USPS Standardizations Applied: - 165+ street type abbreviations (STREET → ST, AVENUE → AVE) - Directional standardization (NORTH → N, SOUTHWEST → SW) - Unit type abbreviations (APARTMENT → APT, SUITE → STE) - State name to abbreviation conversion - ZIP code parsing and validation


7 Classification Transforms

7.1 transform_bmf_subsection_classification_codes()

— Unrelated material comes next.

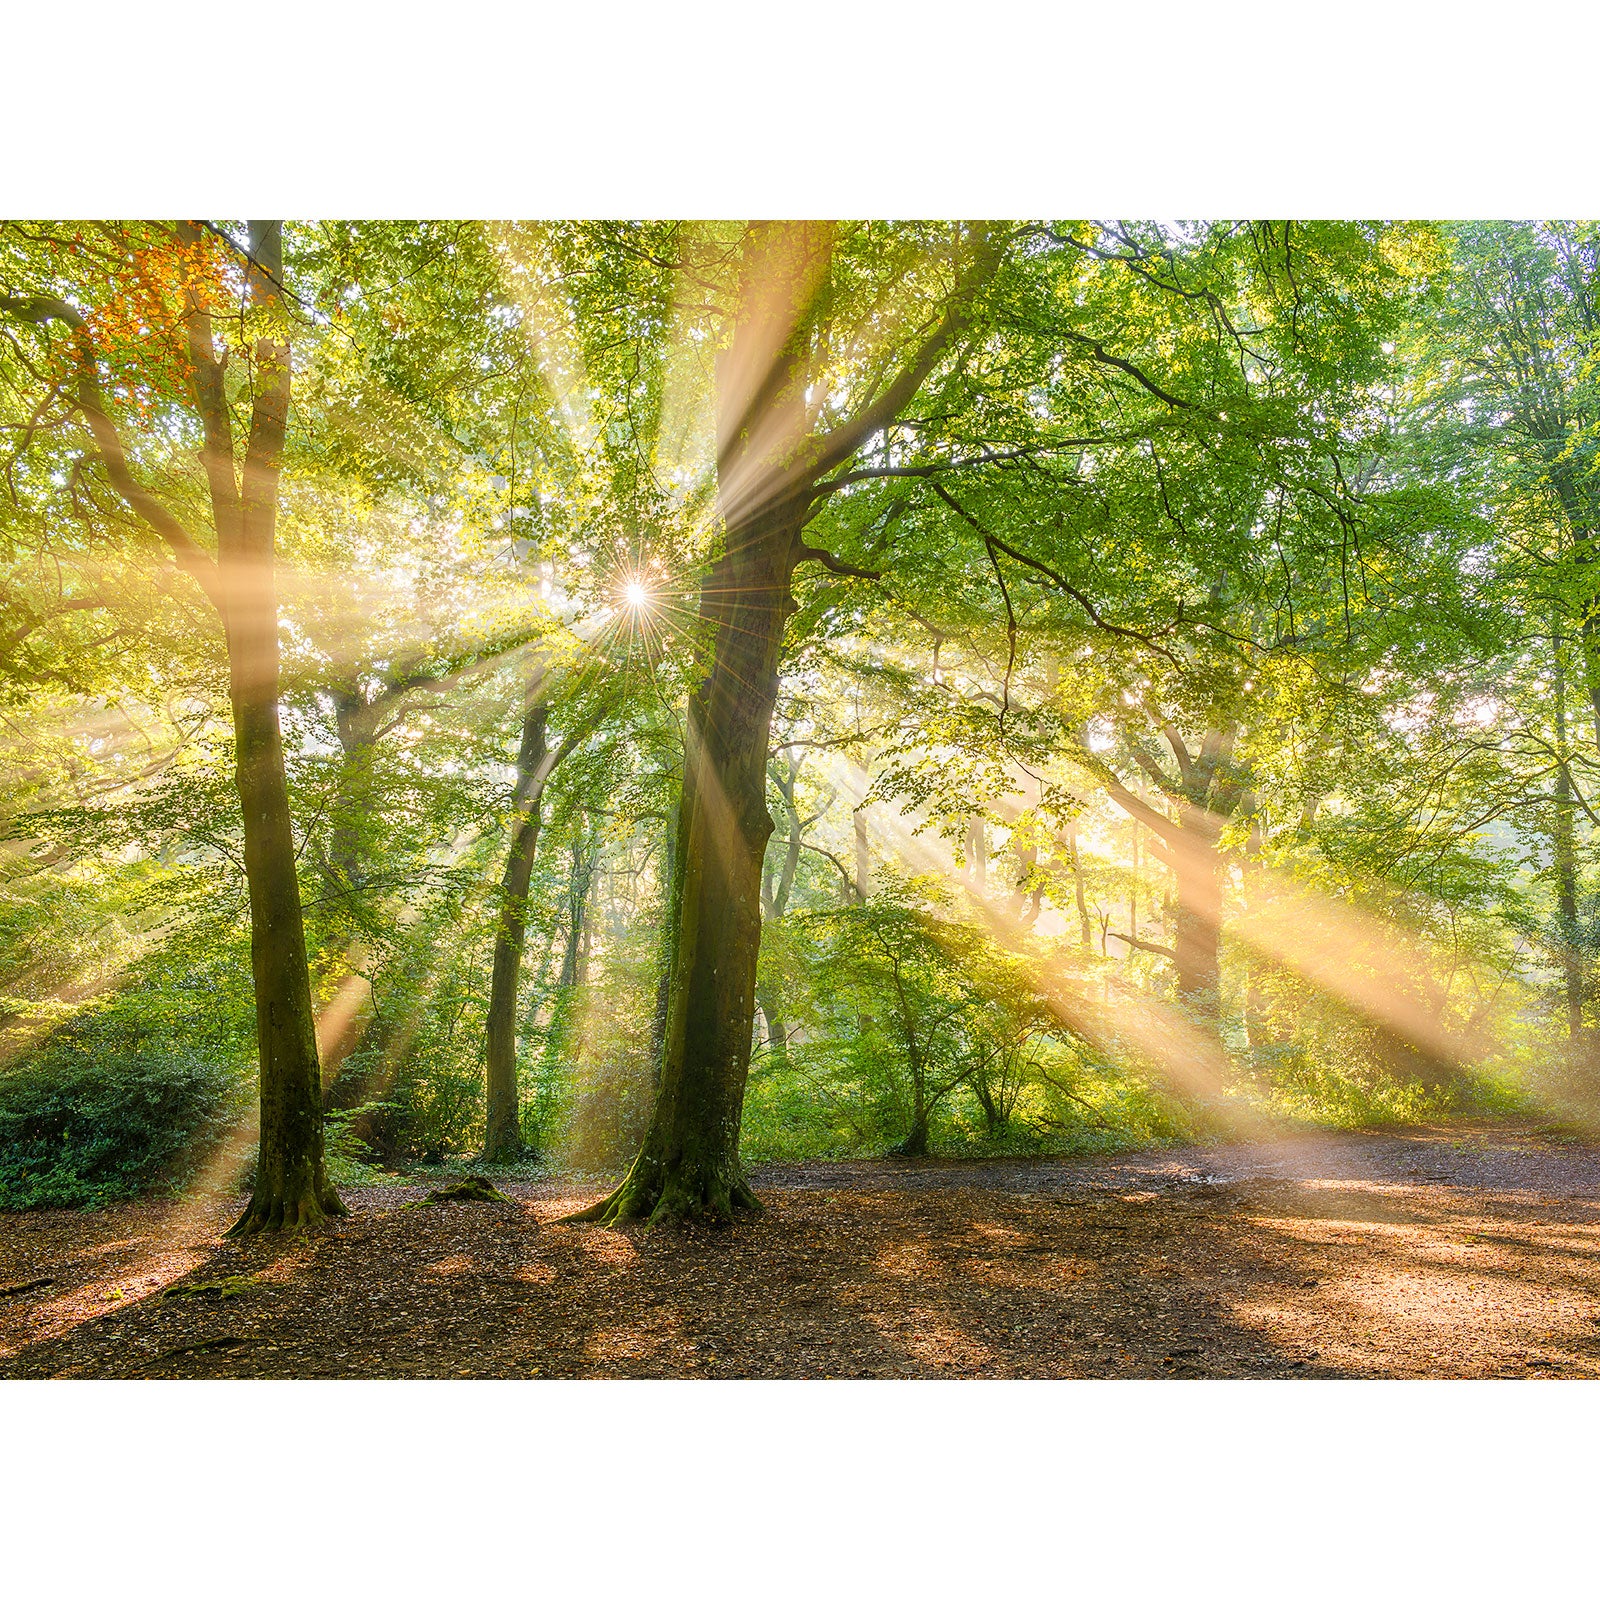 Sunlight streaming through Borthwood Copse forest on the Isle of Wight on a hazy morning by Available Light Photography.

File: R/subsection_classification_codes.R

The subsection code identifies the paragraph of IRC Section 501(c) under which an organization is exempt (e.g., 501(c)(3), 501(c)(4), 501(c)(6)). The classification code is a secondary descriptor indicating the type of organization within that subsection—for example, under 501(c)(3), classification codes distinguish between charitable organizations, educational institutions, religious organizations, and scientific entities. An organization may have multiple classification codes.

Transforms SUBSECTION and CLASSIFICATION columns with dimension table creation. The dimension table is created internally.

transform_bmf_subsection_classification_codes(dt, orgtype_lookup = subsection_orgtype_lookup)
Parameter Type Default Description
dt data.table required BMF data with SUBSECTION and CLASSIFICATION columns
orgtype_lookup data.table subsection_orgtype_lookup Lookup mapping subsection codes to organization types

Helper Function: create_cl_code_dim_table(dt, lookup, year) creates the SCD Type 2 dimension table internally.

Output Columns:

Column Type Description
subsection_code character IRC subsection code
classification_code character Raw classification codes
exempt_organization_type character Human-readable org type
all_classifications_string character Semicolon-separated descriptions

Code Definitions: See the Lookup Tables Reference for complete subsection and classification code combinations.


7.2 transform_bmf_affiliation_code()

File: R/affiliation_code.R

The affiliation code describes an organization’s relationship within a group exemption structure. It distinguishes between central/parent organizations that hold the group exemption, intermediate organizations that coordinate subordinates, independent organizations with no group affiliation, and subordinate organizations covered under a parent’s group ruling.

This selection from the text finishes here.